Walt Disney is trying to roll the credits on its years-long battle to reassure Wall Street and Hollywood that it can dominate a new era of entertainment.
The Magic Kingdom, which rarely issues guidance on future profits, told shareholders it expects an acceleration over the coming years – with “double-digit percentage growth” in adjusted earnings in 2026 and 2027.
Shares in Disney rallied more than 9% during pre-market trading on Wednesday after it beat analysts’ expectations in the fourth quarter, with sales rising 6% to $22.6bn. It reported net income of $564m, down from $694m a year ago.
The company’s stock has stabilized in 2024, after losing almost two-thirds of its value in less than three years, amid lackluster box office returns and an expensive bet on streaming.
Two key blockbuster releases – Inside Out 2 and Deadpool & Wolverine – helped Disney recover at the box office this summer. With Moana 2 out later this month, Disney’s CEO, Bob Iger, said the company was “encouraged by this momentum” after a challenging few years.

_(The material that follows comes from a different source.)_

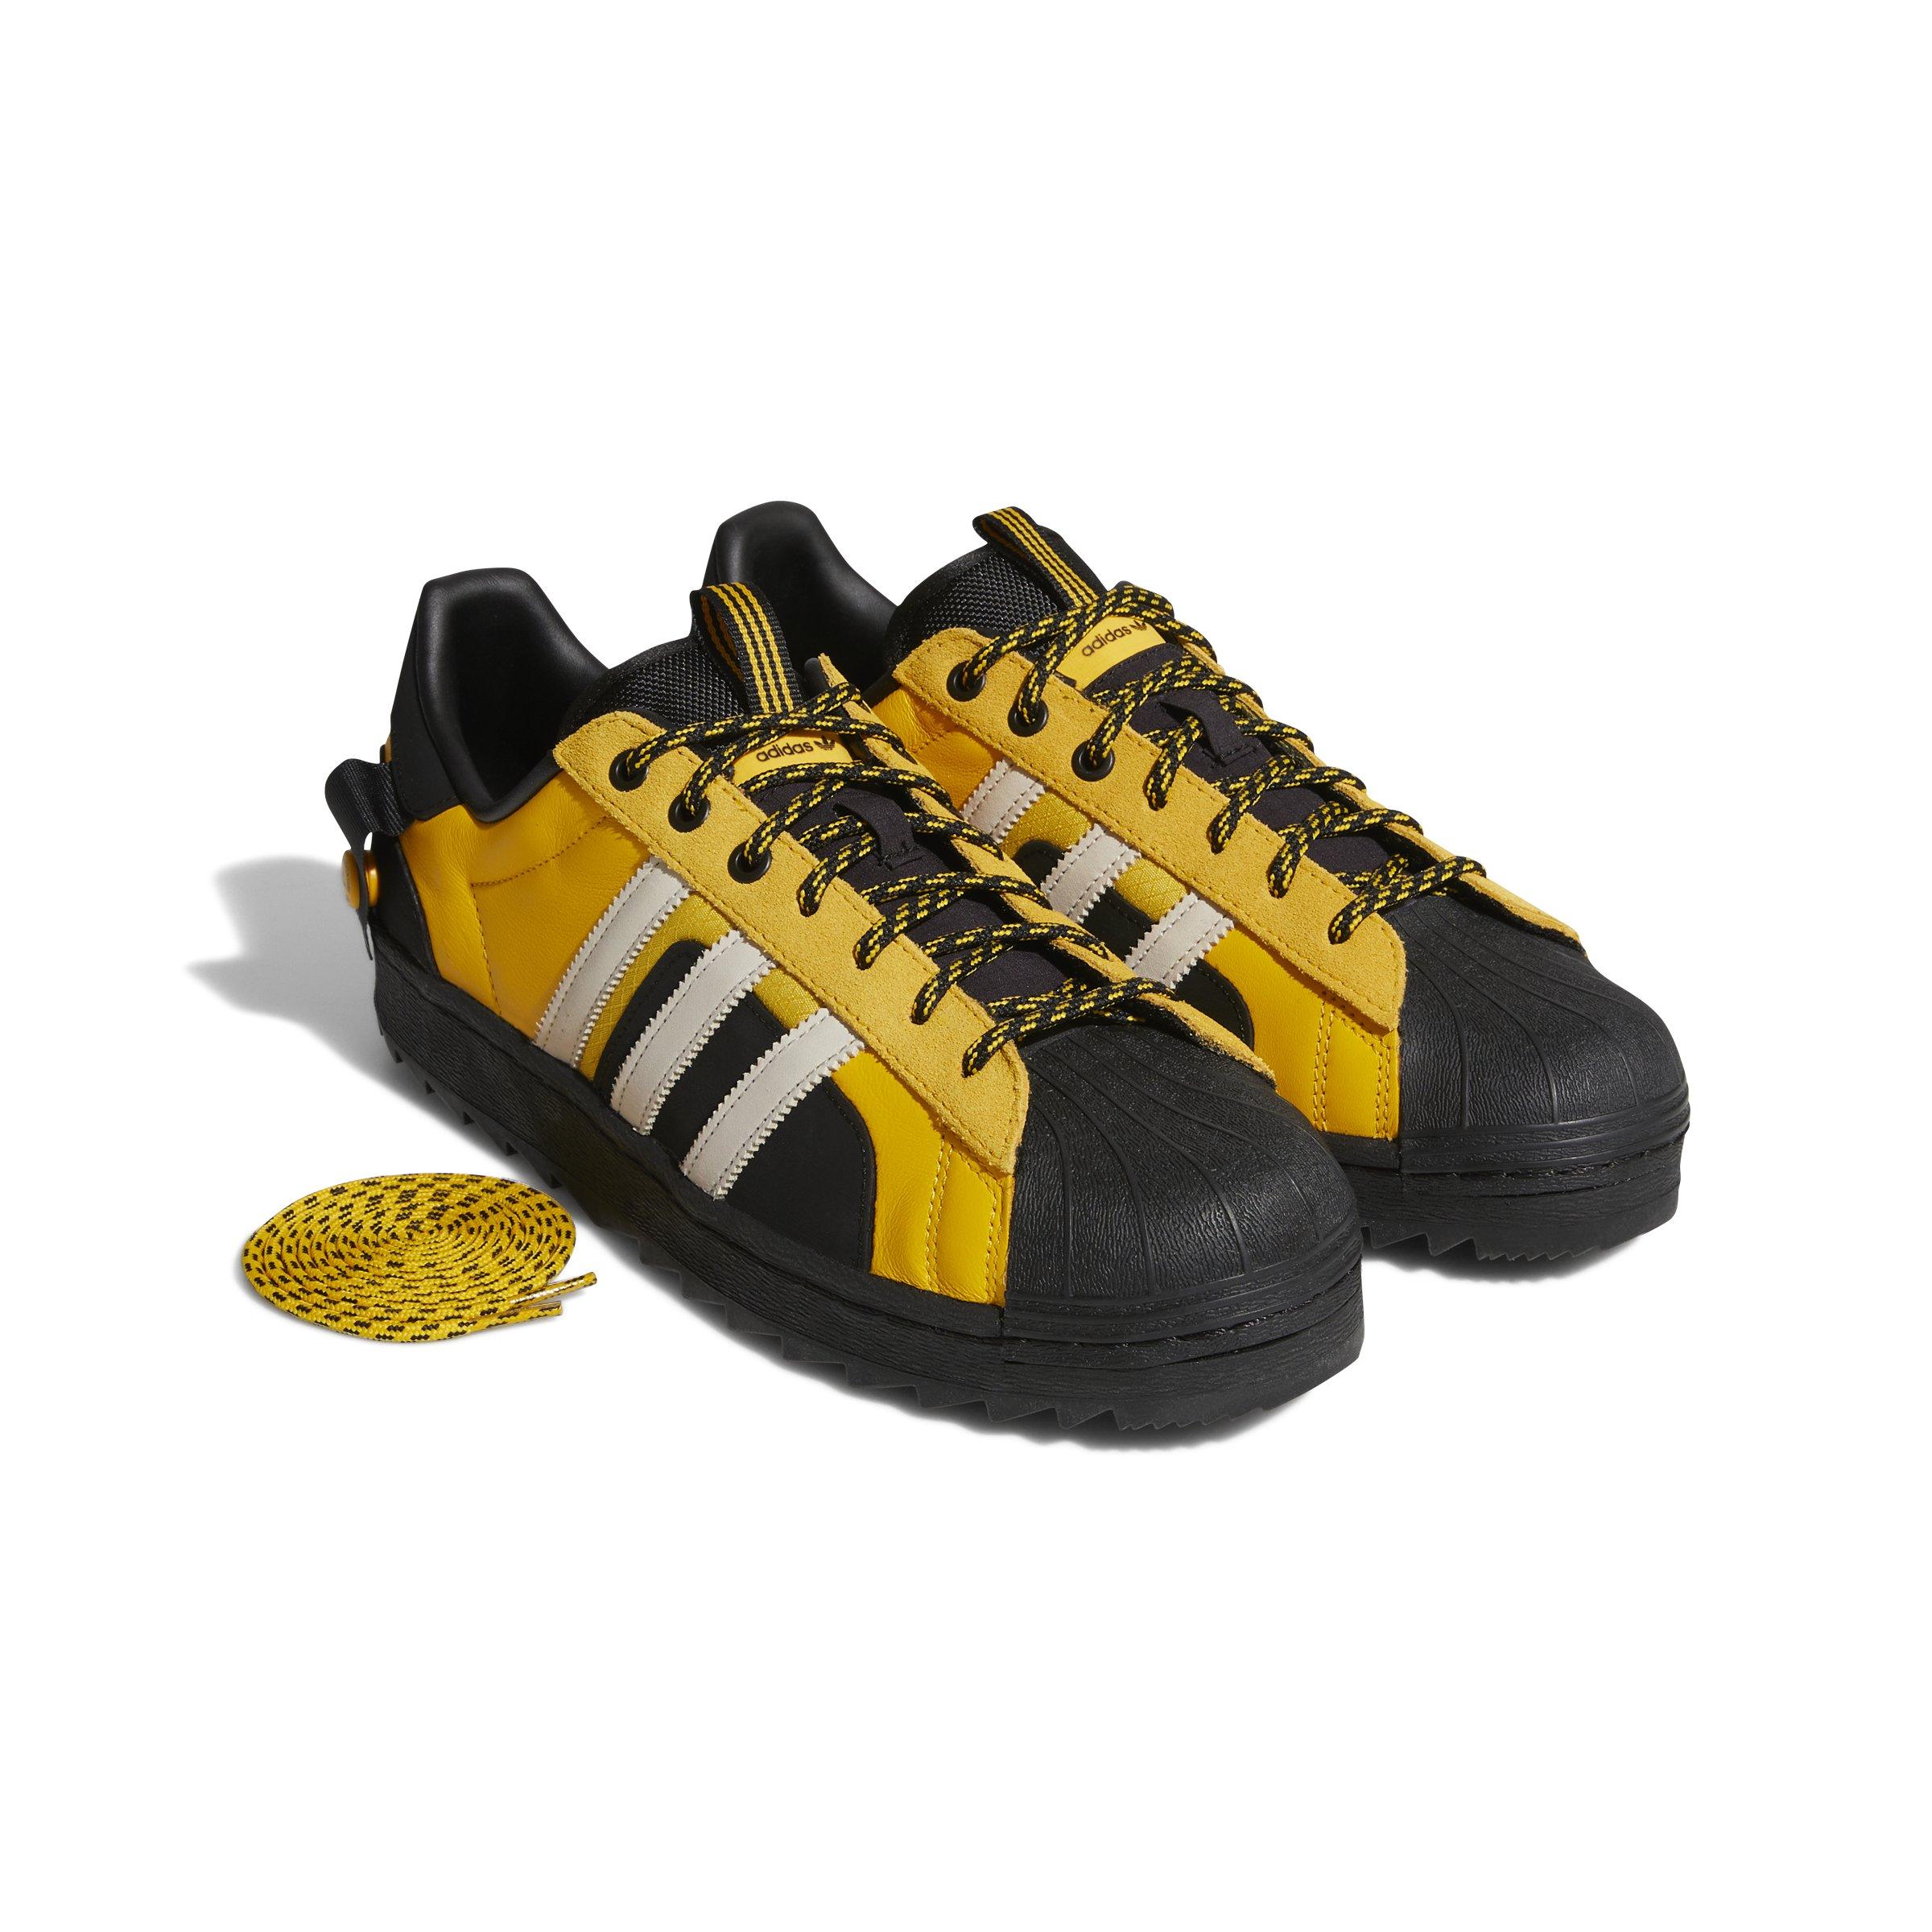 adidas Superstar "Core Black/Yellow/White" Men's Shoe

Iger, who returned to the company from retirement in November 2022, undertook aggressive cost-cutting and worked to revitalize the company’s film and TV units after a period of misfires.
Disney last month said it would name a new CEO in early 2026. The new boss will replace Iger, who returned to the company after the board fired Bob Chapek, his handpicked successor.
Disney’s direct-to-consumer division – home to its Disney+ and Hulu platforms – gathered steam in the latest quarter, as its costly bet on streaming starts to pay off. The unit generated an operating profit of $253m in the three months to 28 September, from a loss of $420m in the same period of 2023.
Disney’s traditional TV networks remain under pressure, however, with profits falling, and its theme parks and resorts arm – a key engine of the business – endured lower footfall and spending at international sites.
“This was a pivotal and successful year for the Walt Disney Company, and thanks to the significant progress we’ve made, we have emerged from a period of considerable challenges and disruption well positioned for growth and optimistic about our future,” said Iger. “Our solid performance in the fiscal fourth quarter reflected the success of our strategic efforts to improve quality, innovation, efficiency, and value creation.”